Bashkirtseff

Dimanche 22 avril 1883

Orig

# Dimanche 22 avril 1883

Il n'y a eu deux pastels reçus avec n° 1. Le mien et celui de Breslau.

Le tableau de Breslau n'est pas sur la cimaise. Mais son portrait de la fille de l'administrateur du "Figaro" est sur la cimaise.

Mon tableau n'est pas sur la cimaise non plus, mais Tony assure qu'on le voit très bien et que le tableau qui est dessous n'est pas grand. La tète d'irma est sur la cimaise et dans un angle, par conséquent place d'honneur. Enfin il dit que j'ai une bonne exposition.

Seulement comme le tableau n'est pas sur la cimaise Machiavel me souffle un moyen.

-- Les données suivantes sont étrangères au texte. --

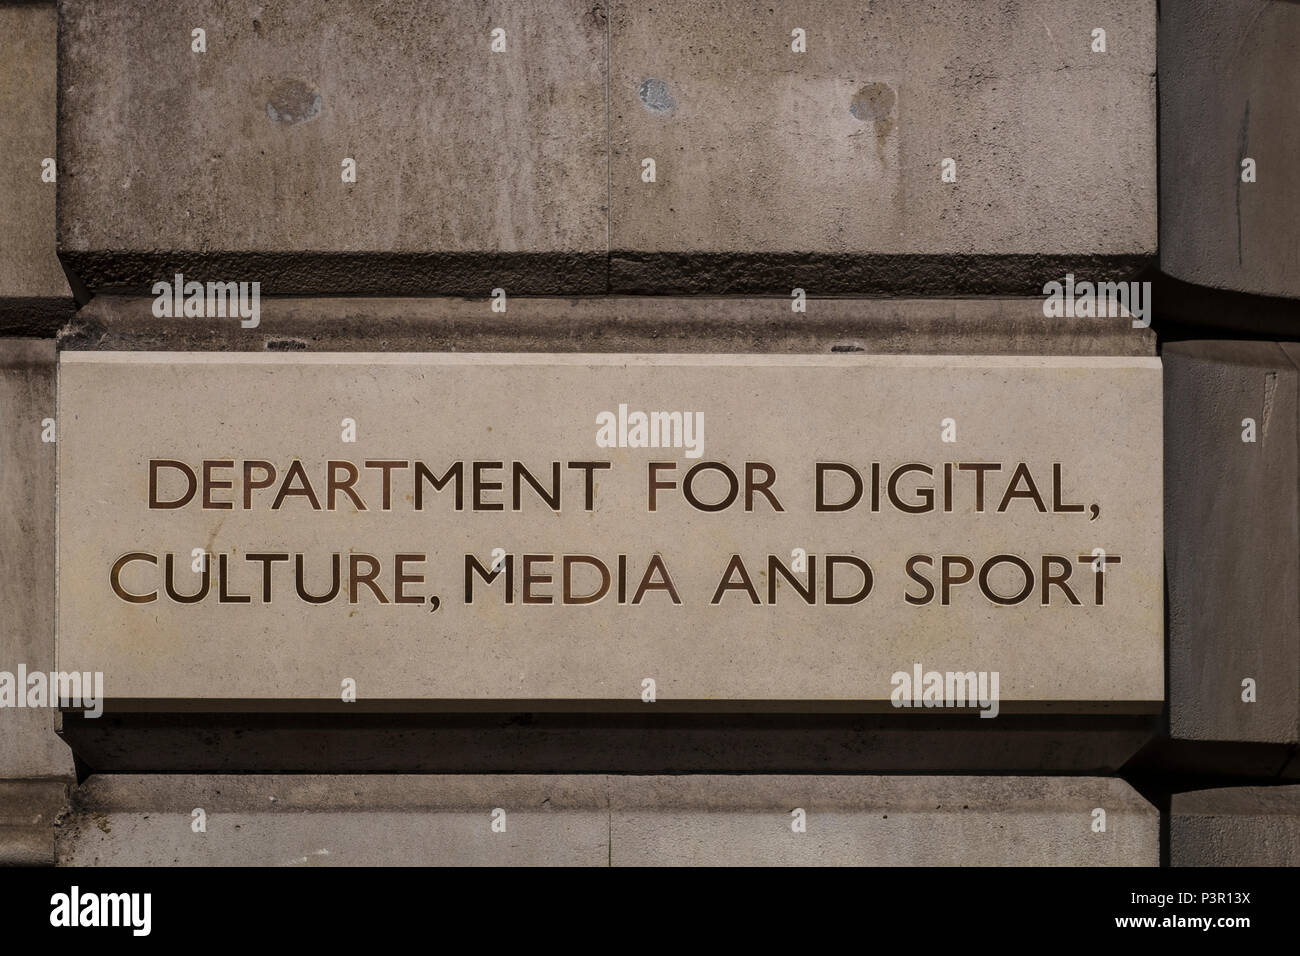 Ministère de la Culture, numérique, les médias et le sport enseigne à l'extérieur du Parlement 100 Street, Londres, Angleterre, Royaume-Uni Banque D'Images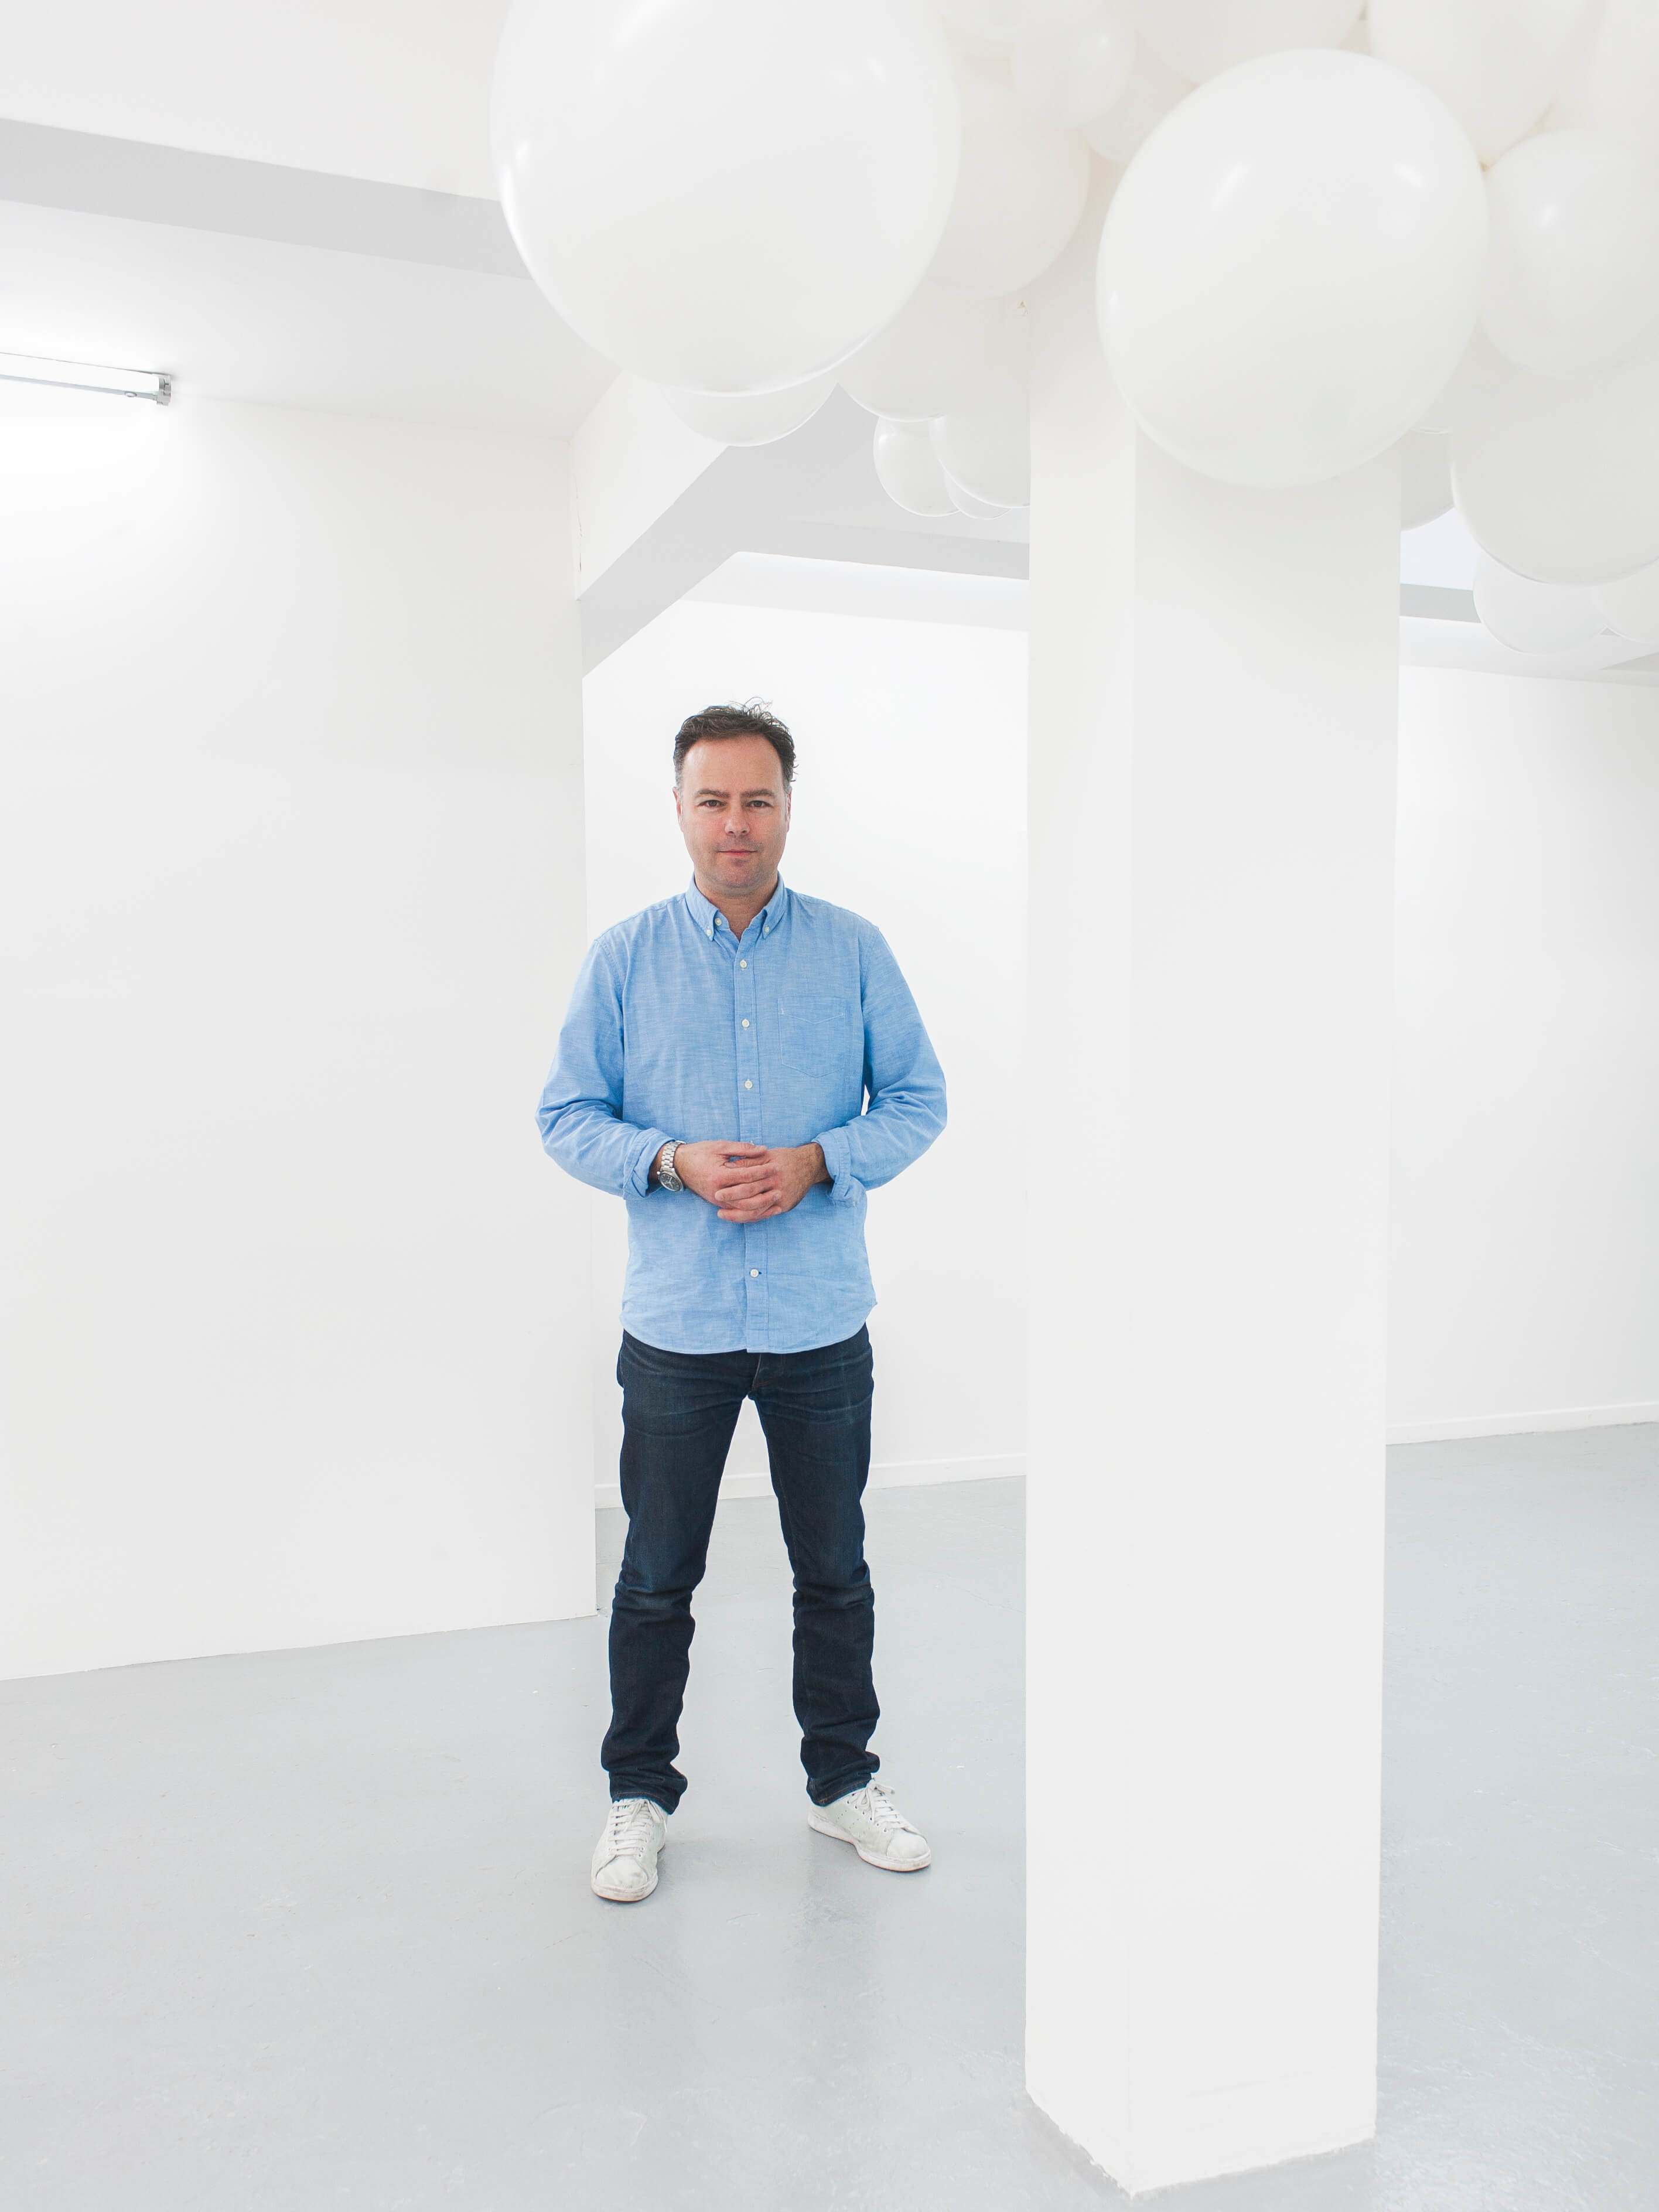 L’artista Charles Petillon è famoso per le sue opere che hanno le sfere come protagoniste. La sua installazione con tessuti Sunbrella è apparsa a Milano durante SuperDesign 2017.

Je viens d'écrire à l'excellent, au naïf architecte une lettre ou je lui dis qu'il se trame contre moi une machination dont le résultat serait quelques lignes désobligeantes de Wolff sur mon exposition.

Wolff ne me connaît pas et n'aura pas de raison pour ne pas accueillir ces renseignements d'autant plus qu'ils lui seront fournis par un monsieur qui... Mais c'est trop long à expliquer. Enfin vous qui connaissez Wollf si vous pouviez parer ce coup bien monté etc. N'est-ce pas abominable d'avoir à lutter contre tant de malveillance avant même d'avoir du talent. Ça donne envie d'enrager le monde et je voudrais bien avoir du talent et des articles ! Ce n'est pas chrétien mais tant pis !

Nous verrons si ça servira à quelque chose. C'est écrit avec une mauvaise plume, il y a des pâtés, enfin j'ai l'air d'être en proie à une vive émotion.

Comme presque tous les soirs il y a du monde à dîner, les Engelhardt, Dusautoy, ou la princesse ou, tout ça ensemble. Je les écoute et me dis que voilà des gens qui ne font rien et qui passent leur vie à dire des niaiseries ou des potins. Ils sont plus heureux que moi... Leurs tracas sont autres et ils souffrent autant. Et ils ne jouissent pas autant que moi de tout. Une quantité de choses leur échappent, des riens, des subtilités, des reflets qui sont pour moi un champ d'observations et une source de plaisirs inconnus du vulgaire. Mais aussi je [Mots noircis: suis peut] être plus sujette que beaucoup à ces contemplations, des grandeurs de la nature autant que des mille détails de Paris. Un passant, une expression d'yeux d'enfants ou de femme, une annonce, que sais-je ? quand je vais au Louvre, traverser la cour, monter l'escalier par le sillon tracé par les millions de pieds qui l'ont foulé; ouvrir cette porte, et les gens que l'on y rencontre, on leur prête des histoires, on les suit dans leur être intime, on se représente leur vie; en un instant, puis d'autres pensées, d'autres impressions... Tout cela s'enchaîne et tout cela est divers. Il y a là sujet à ... Est-ce que je sais. Et si depuis ce grand malheur je suis moins que tout le monde, il y a peut-être des compensations...

Oh ! Non. Tout le monde le sait et la première chose que l'on doit dire en me nommant: elle est un peu sourde vous savez ? - Je ne sais comment je puis l'écrire.